José Tabares

Personal information
- Full name: José Carlos Tabares
- Date of birth: 28 May 1978 (age 46)
- Place of birth: San Gustavo, Argentina
- Height: 1.83 m (6 ft 0 in)
- Position(s): Striker

Senior career*
- Years: Team / Apps / (Gls)
- 2000–2001: Patronato
- 2001–2005: C.A.I. / 66 / (31)
- 2003–2004: → Necaxa (loan) / 19 / (2)
- 2005–2006: Arsenal Sarandí / 14 / (2)
- 2006: → Castellón (loan) / 18 / (6)
- 2007–2010: Castellón / 86 / (23)
- 2010: Chacarita Juniors / 16 / (2)
- 2011: Rangers Talca / 8 / (1)
- 2012–2013: Juventud Antoniana / 22 / (1)
- 2013–2014: Eldense / 33 / (8)
- 2014–2016: Borriol / 29 / (6)
- 2017: Burriana
- 2017–2018: Estrella Castellón
- Total:  / 311 / (82)

= José Tabares =

Argentine footballer

José Carlos Tabares (born 28 May 1978) is an Argentine former professional footballer who played as a striker.

==Club career==
Born in San Gustavo, Entre Ríos Province, Tabares started playing professionally with Comisión de Actividades Infantiles, serving a loan at Club Necaxa of Liga MX during the 2003 Apertura and 2004 Clausura tournaments. He returned to Argentina in 2005 when he signed for Arsenal de Sarandí, making his debut in the Primera División at the age of 27.

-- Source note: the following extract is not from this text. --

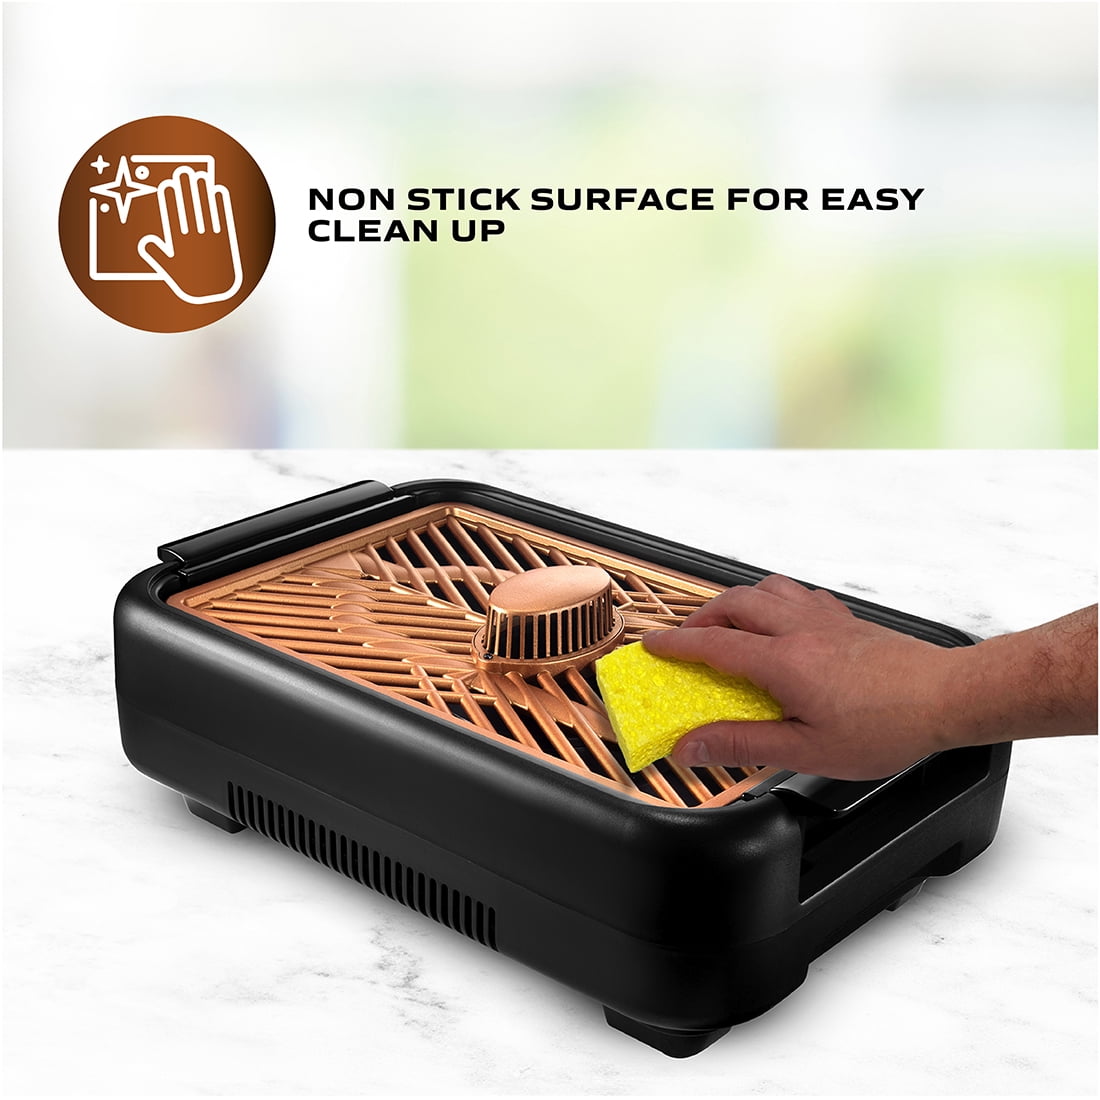 Gotham Steel Smokeless Grill with Fan, Indoor Grill Ultra Nonstick Electric Grill Dishwasher Safe Surface, Temp Control, Metal Utensil Safe, Barbeque Indoor Grill, As Seen on TV - 3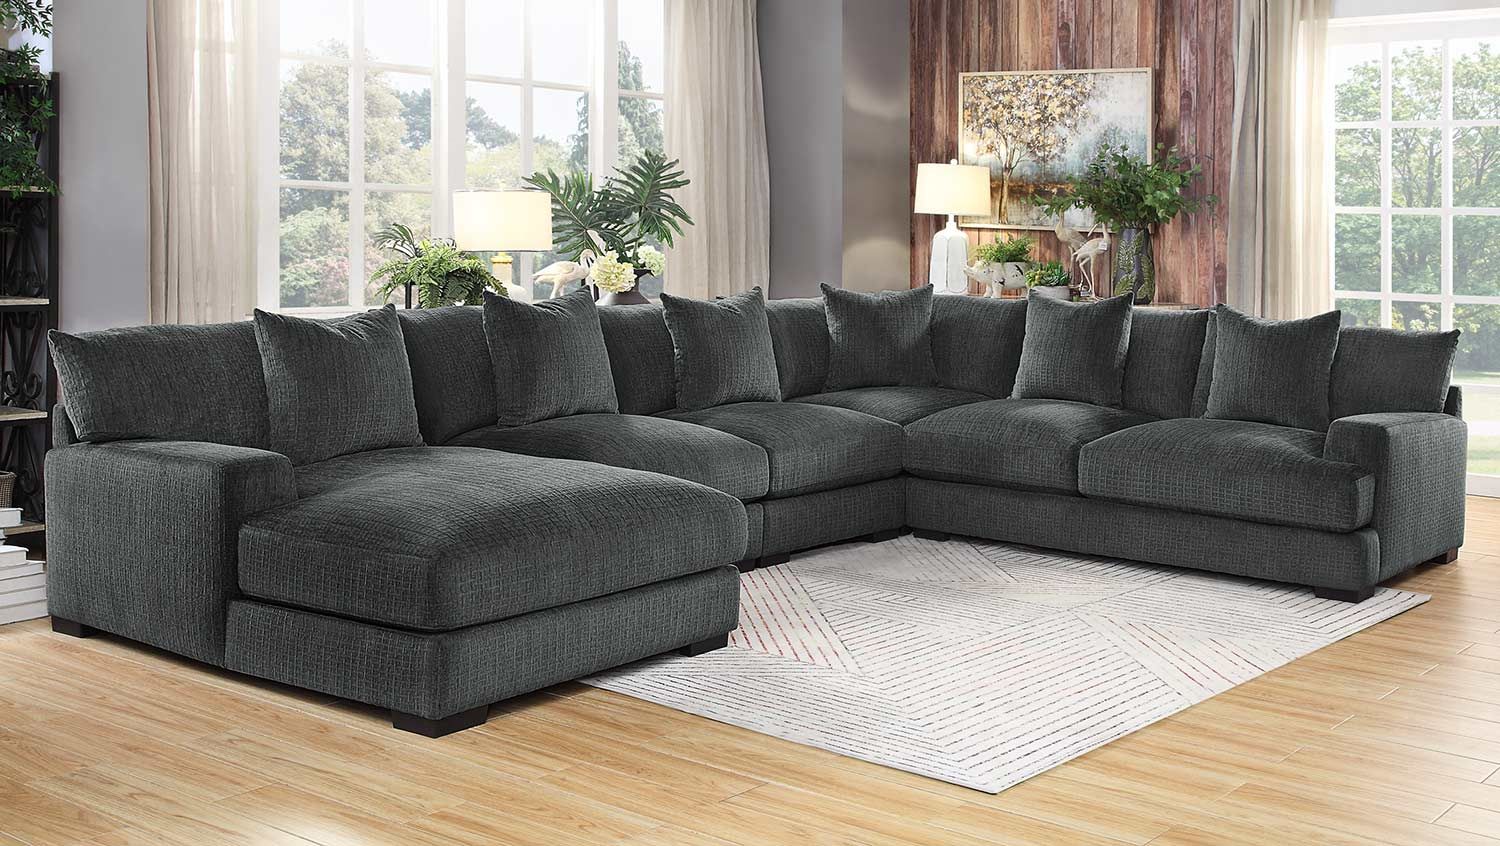 Homelegance Worchester Sectional Sofa Set – Dark Gray 9857dg Sofa Set Regarding Dark Gray Sectional Sofas (View 2 of 20)

Tabares moved to Spain in January 2006, joining Segunda División club CD Castellón and scoring 20 league goals over his first two full seasons. After four years with the team, being reunited with compatriot Leonardo Ulloa in his final two and suffering relegation in 2010 (he also spent several months on the sidelines after fracturing both his fibula and his tibia twice), he went back to his country and signed with Primera Nacional side Chacarita Juniors.

In January 2011, Tabares agreed to a contract with Primera B de Chile's Rangers de Talca, achieving promotion to Primera División. Following a spell in the Argentine lower leagues with Juventud Antoniana, he returned to the Valencian Community where he represented several amateur clubs.

Tabares settled in Castellón de la Plana after retiring at age 40.